To validate top clinical predictors, we utilized a hypothesis-driven approach to investigate the relationship between two identified features (hyperlipidemia and osteoporosis) and progress to AD diagnosis in an external database across the University of California EHR system. For both phenotypes, the UC-wide EHR database supports a potential increased AD diagnosis risk due to evidence of decreased time to AD and increased hazard of AD diagnosis in patients exposed to the predictor of interest. The association between hyperlipidemia and AD has been identified in prior clinical studies and systematic reviews47–50. In particular, APOE is a well-established associated genetic locus51, and APOE polymorphism is known to modify AD risk, particularly in individuals carrying the ε4 allele52. Many studies have also shown APOE association with elevated lipid levels and cardiovascular risk factors53,54. The validation of these well-known associations not only show that our ML models on clinical data can pick up hyperlipidemia as a risk factor, but also by utilizing the SPOKE network we can integrate known relationships in literature to potentially explain the association between hyperlipidemia and AD and identify the APOE locus as a potential shared causal mechanism as demonstrated in the colocalization results.

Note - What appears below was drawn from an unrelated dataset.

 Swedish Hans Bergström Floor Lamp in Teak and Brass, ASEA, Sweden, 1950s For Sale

Beyond the ability to identify known relationships, the SPOKE network also proposes biological explanations of higher-order shared associations between clinical predictors, such as ALB as a shared genetic association between congestive heart failure, malnutrition, hyperlipidemia, and AD, or INS as a shared association between osteoporosis, hypertension, hyperlipidemia, and AD. Prior studies have identified potential mechanisms underlying the relationship between energy utilization, lipid levels, nutrition, and neurodegeneration55–57, although specific hypotheses of mechanistic relationships are an area for exploration in future studies.

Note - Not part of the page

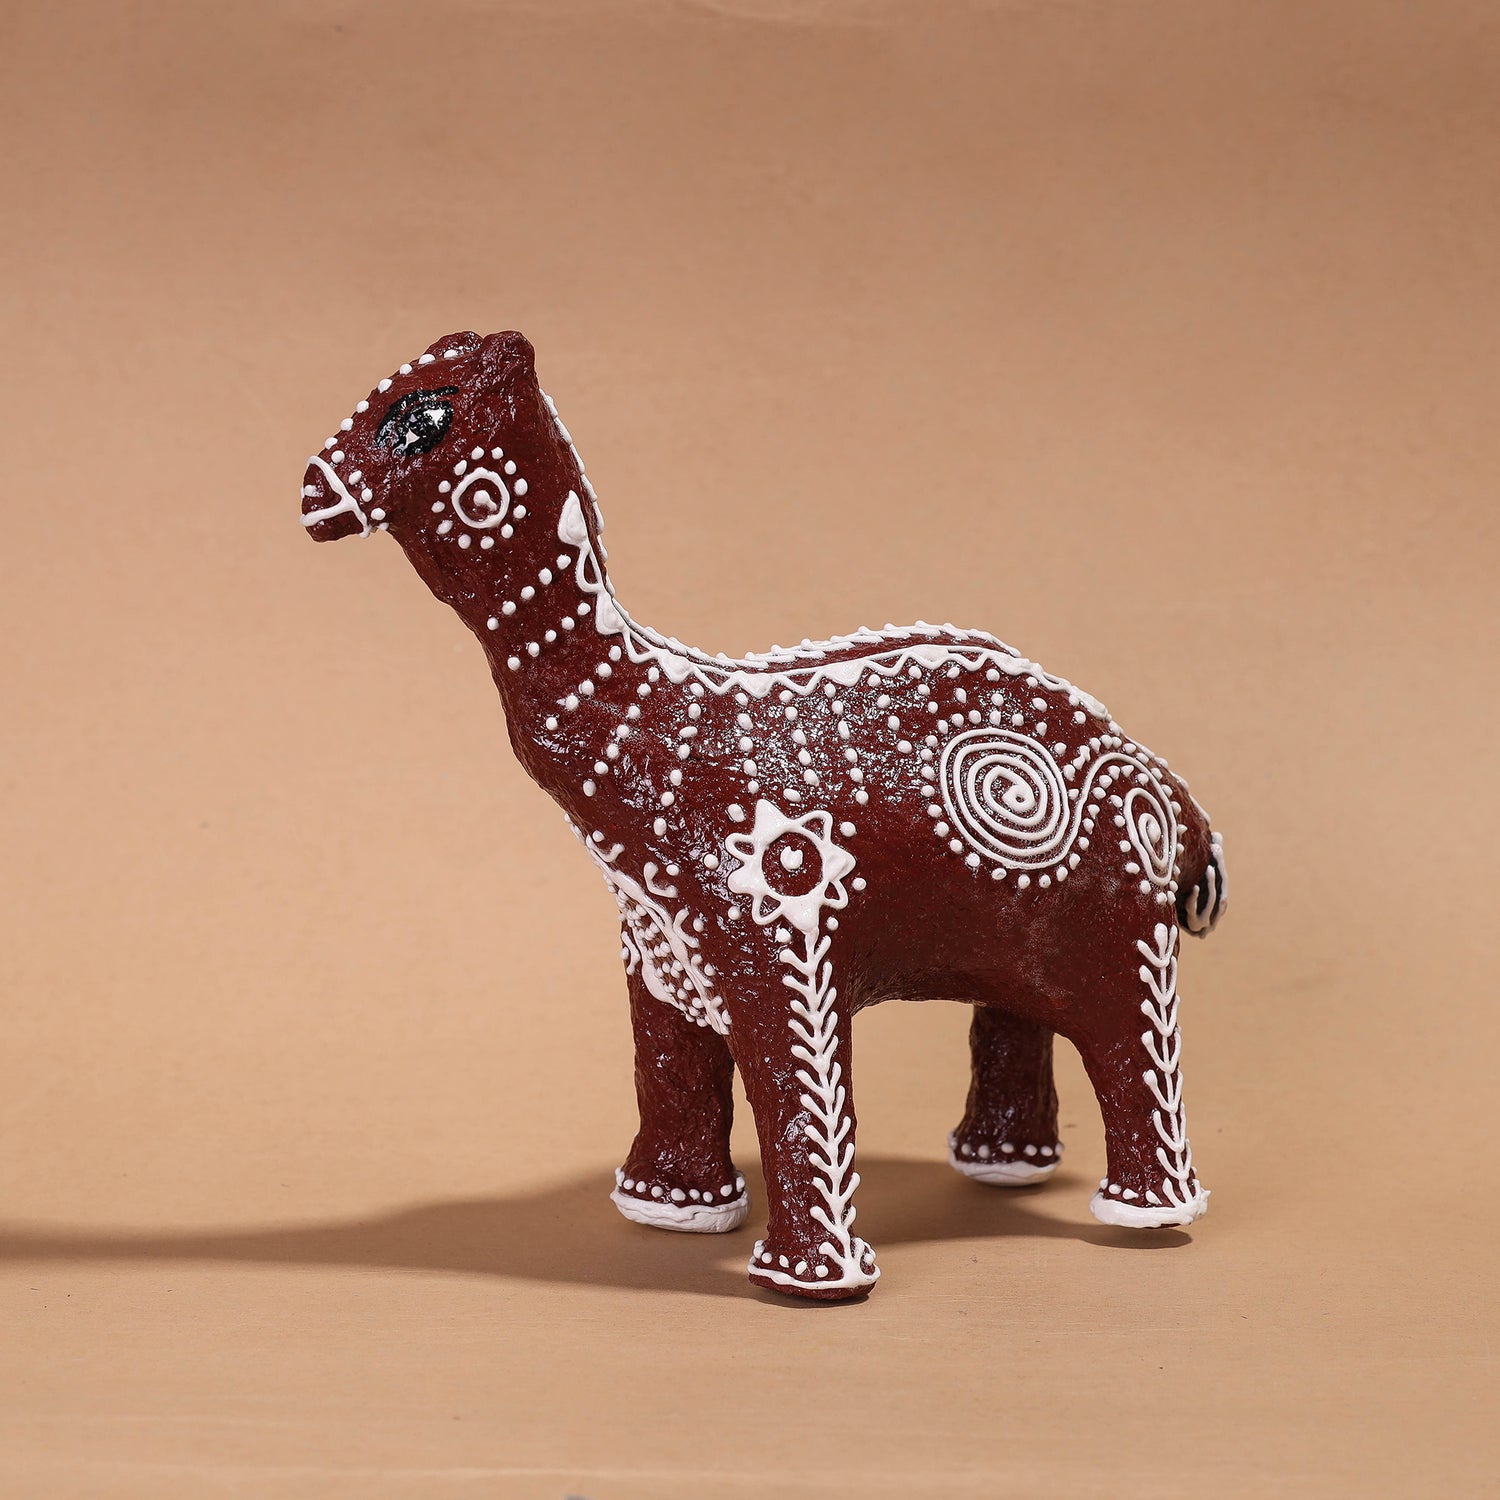 Mandana Art Handpainted Paper Mache Camel (11 x 3 in)

The association between osteoporosis and AD is also validated to a lesser extent in clinical studies and meta-analysis58,59, with unclear but possible sex-modification of this effect. Our study identifies osteoporosis as a predictor for AD among females prior to AD, but shows less of a relative predictive effect for males compared to other clinical features. Nevertheless, it is still possible that shared relationships between osteoporosis and AD exist in males. A bone mineral density GWAS analysis of female patients shows p-value association with AD GWAS around the MS4A family locus, and this is further supported by MS4A6A eQTL colocalization with both Alzheimer and female HBMD. Prior studies have established the MS4A gene cluster as a risk for AD, with one study identifying the cluster based on mendelian randomization60, and another that identifies a stronger female-specific effect size for MS4A6A61. Some studies investigating the role of the MS4A family suggest mechanisms that involve immune function, particularly among microglia62. While this gene may not have been identified in SPOKE, SPOKE did capture direct pathways through known markers of inflammation such as IL6 and TNF, and we also see MS4A6A as highly associated with measurements of immune cells in the blood. Further studies will be needed to validate the exact associative mechanism between osteoporosis and AD, although some prior hypotheses suggest the potential impact of genetic variants on osteoclast function, amyloid clearance, or oxidative stress response63,64.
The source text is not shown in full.